━━━━━ Data ━━━━━

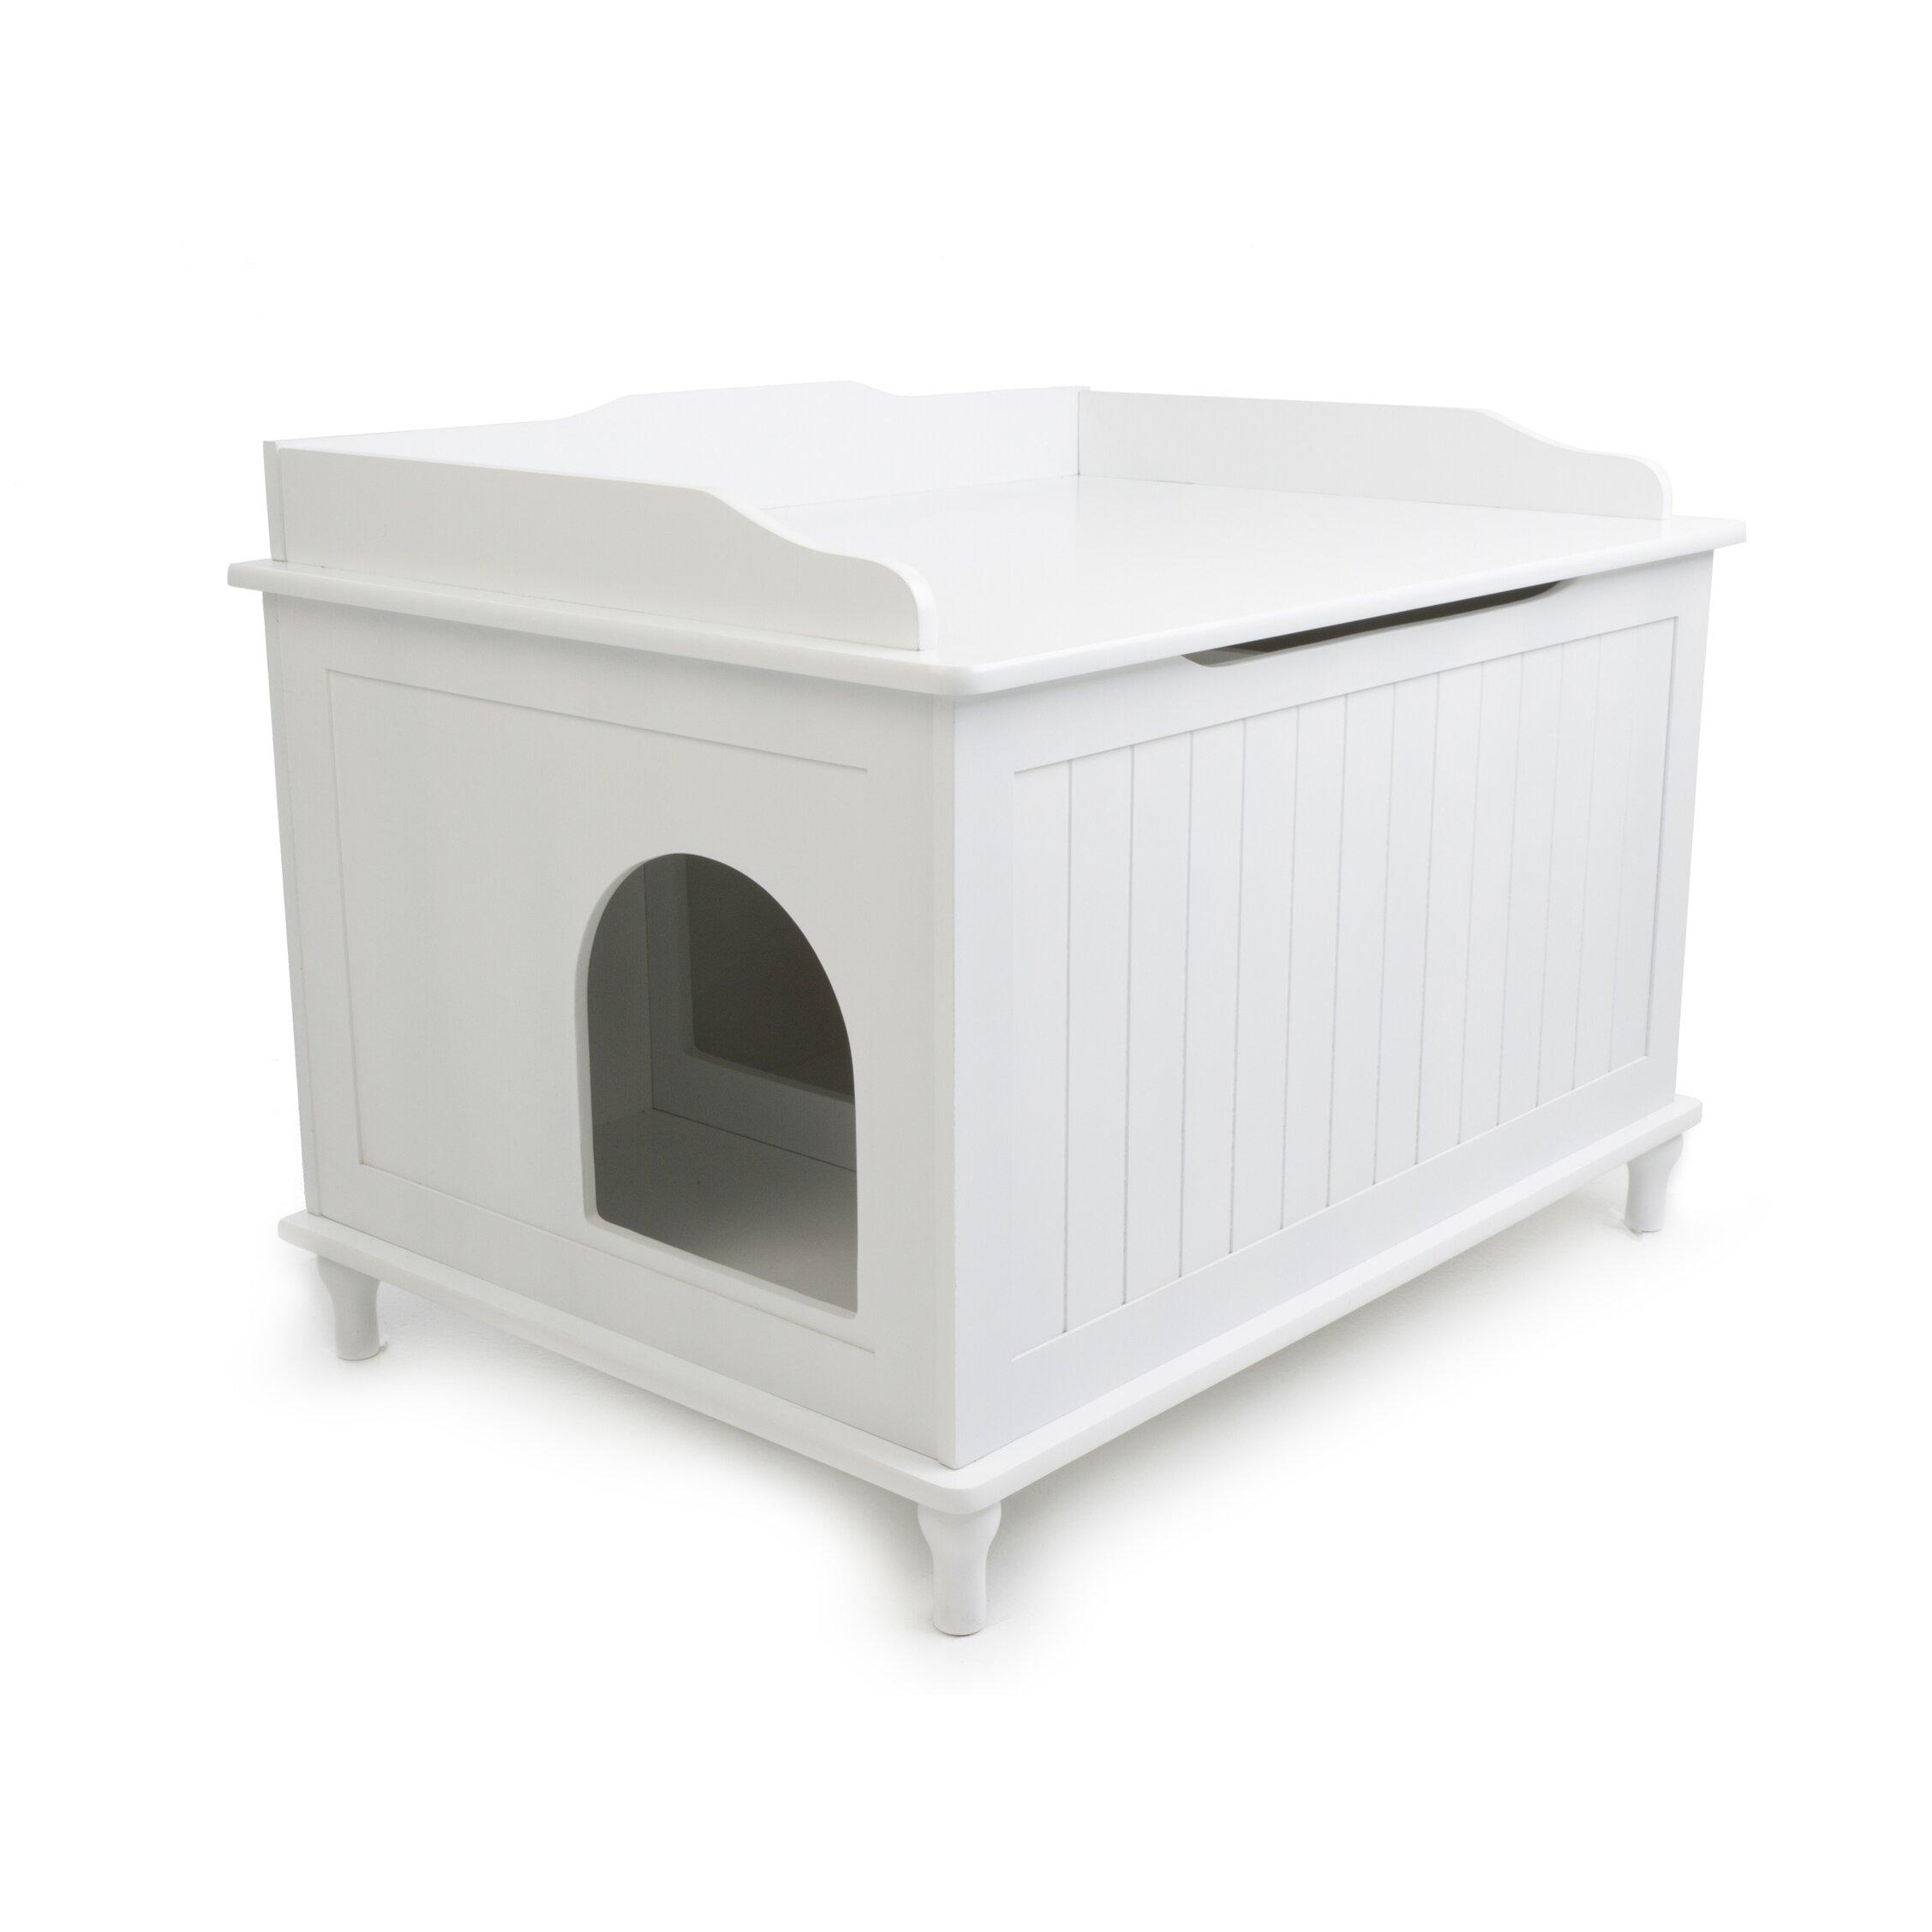 designer pet products mia litter box enclosure arena kitty litter box
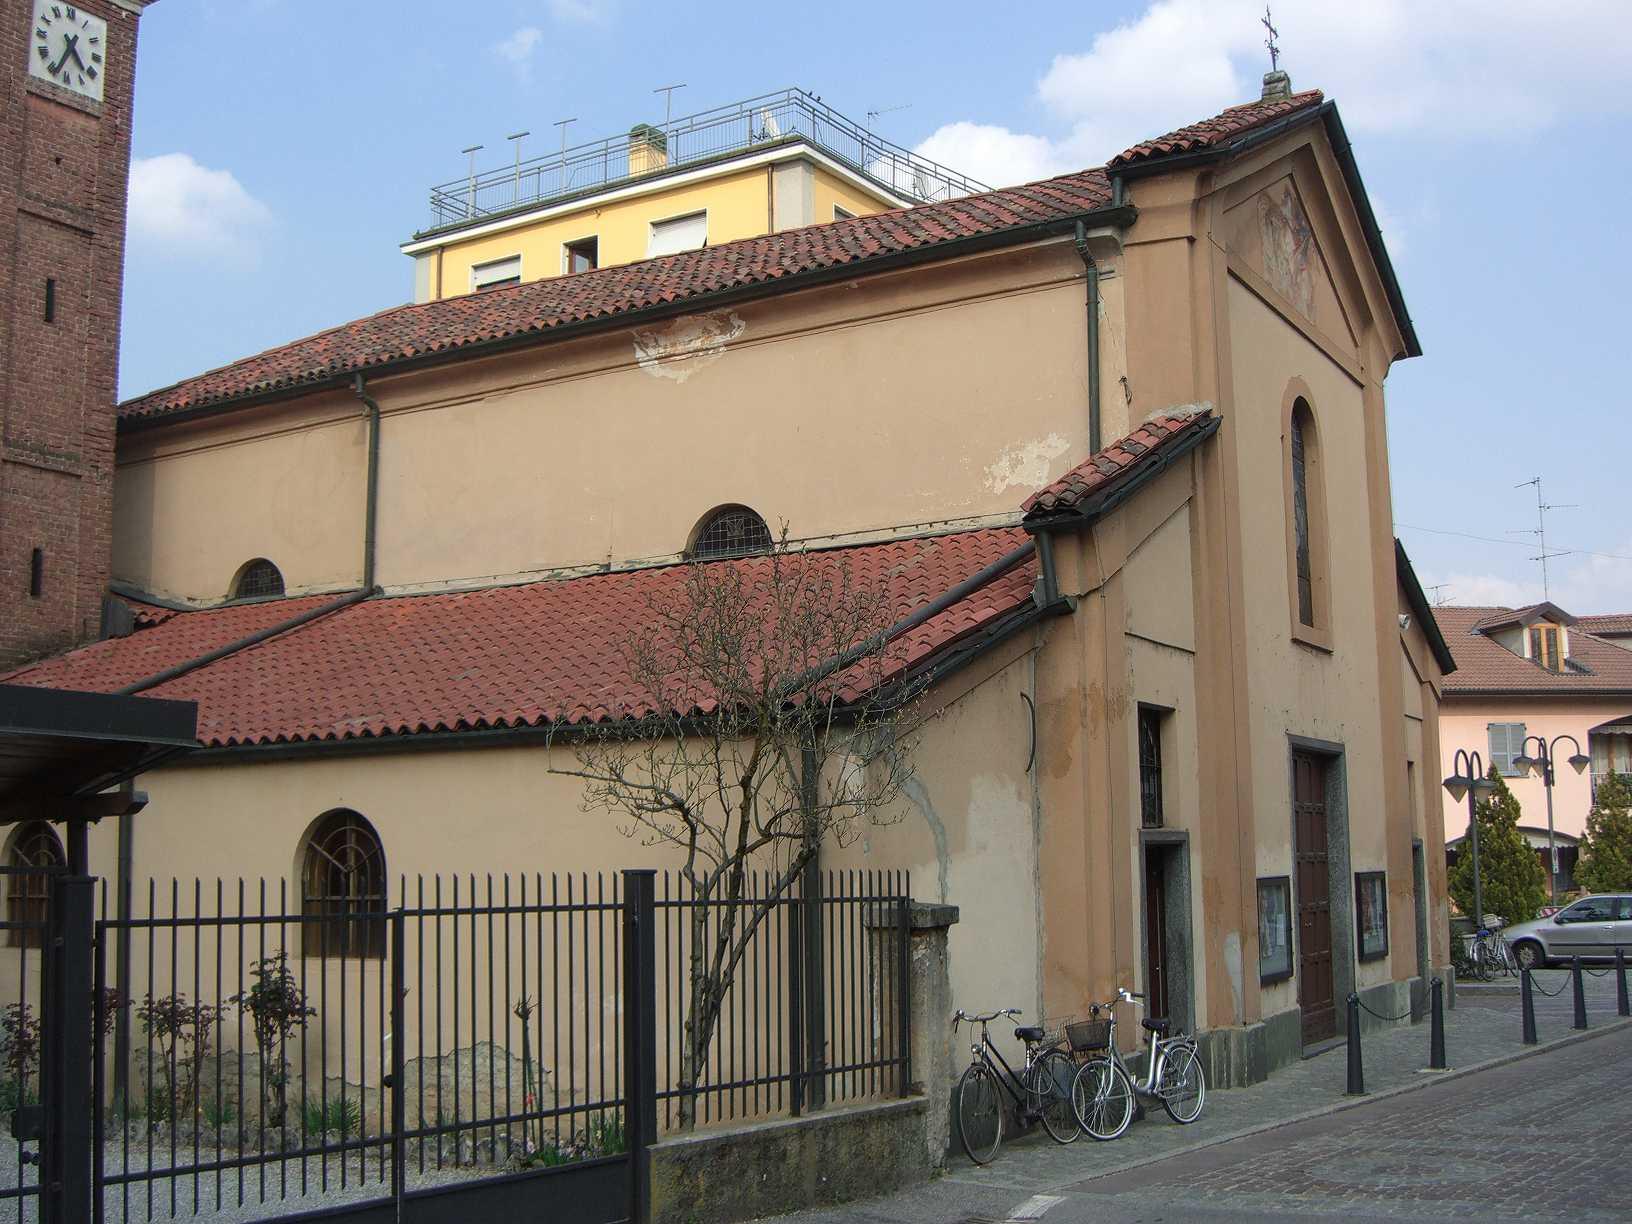 Biassono - Chiesa San Giorgio
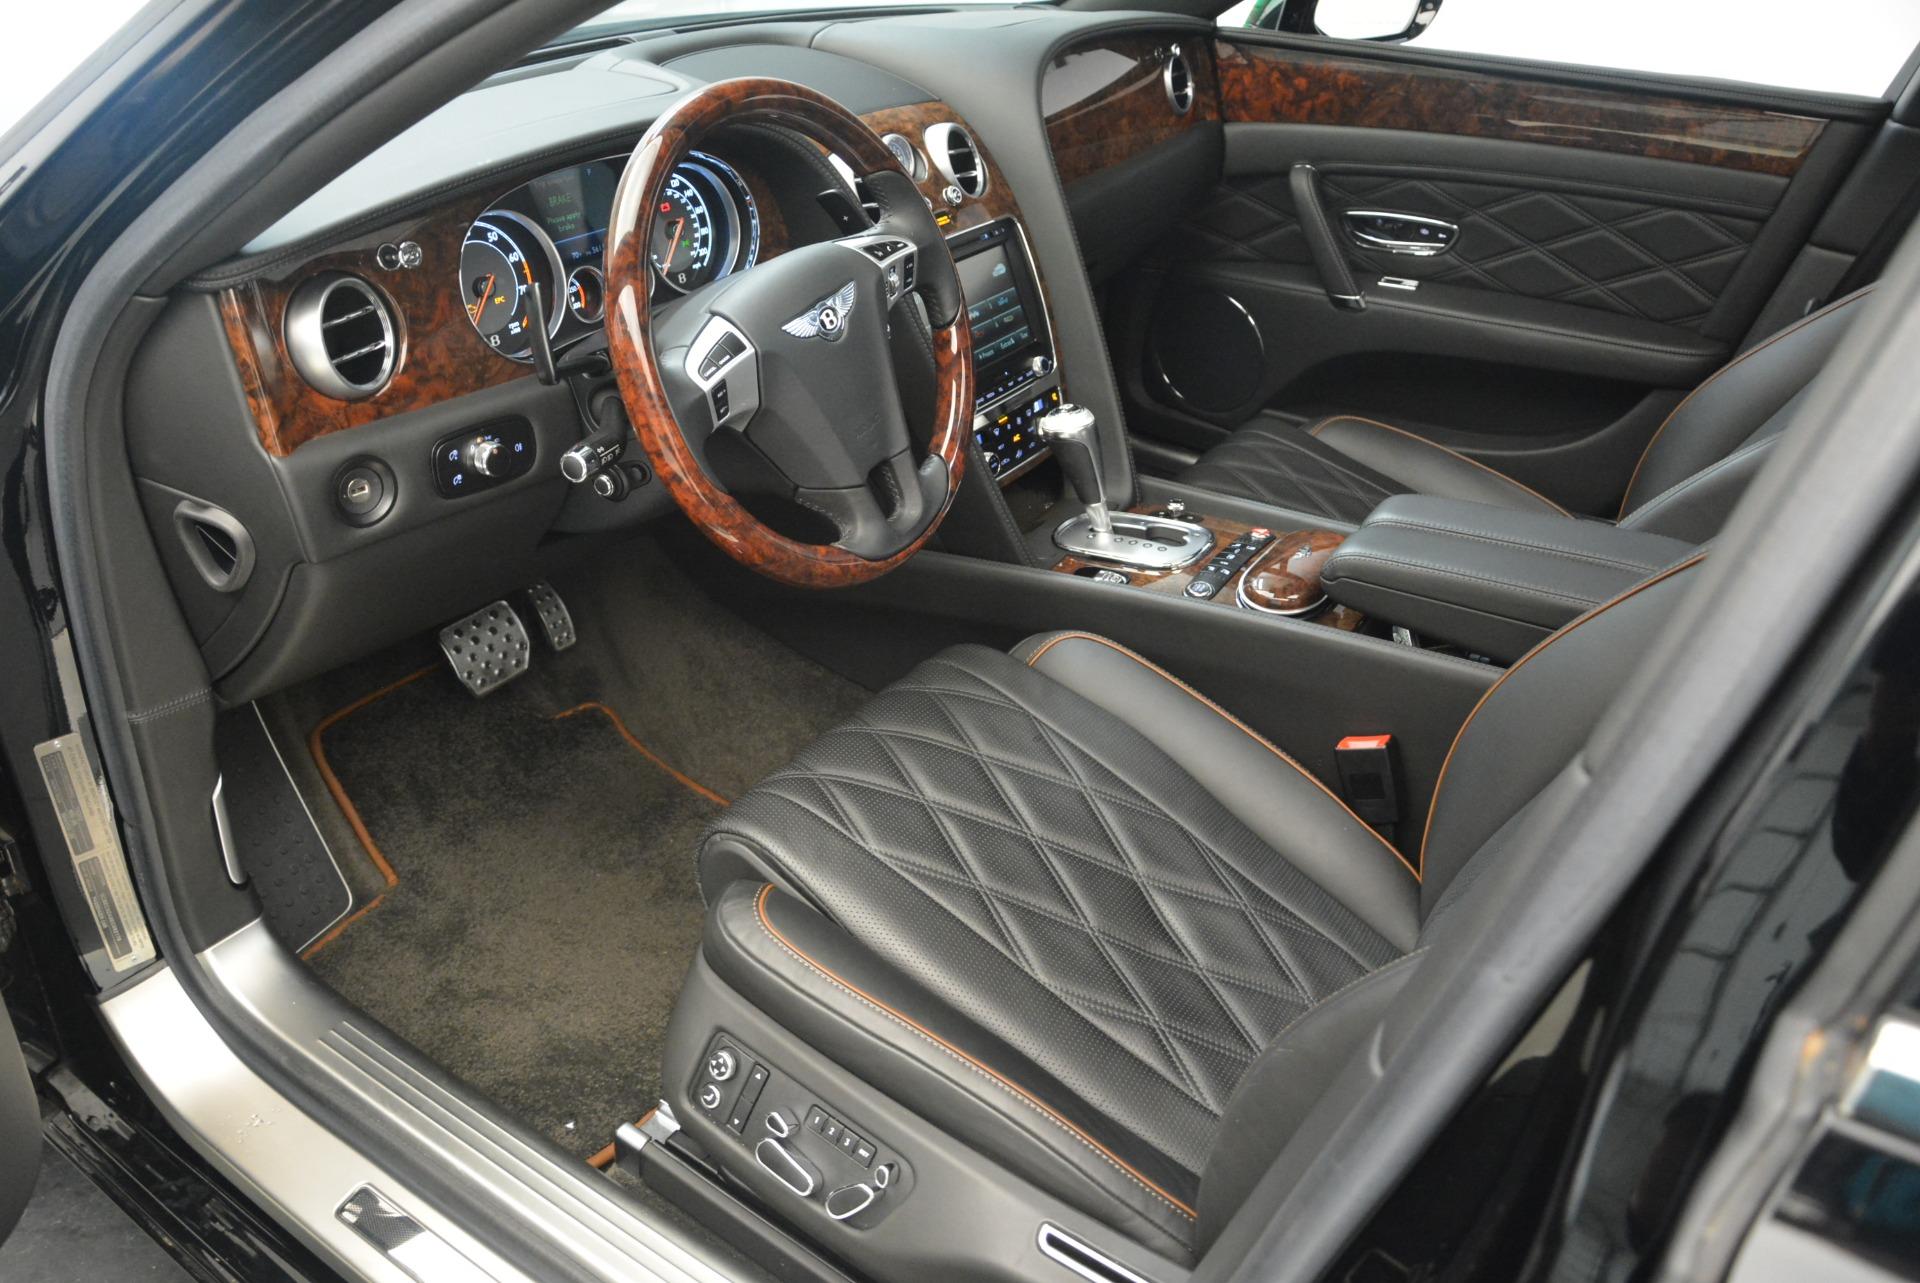 Used 2014 Bentley Flying Spur W12 For Sale In Westport, CT 2267_p17

━━━━━

- Problem requirements:
Leave the pictures out and return the rest of the listing exactly.

- Result of this exercise:
 designer pet products mia litter box enclosure arena kitty litter box
 Biassono - Chiesa San Giorgio
 Used 2014 Bentley Flying Spur W12 For Sale In Westport, CT 2267_p17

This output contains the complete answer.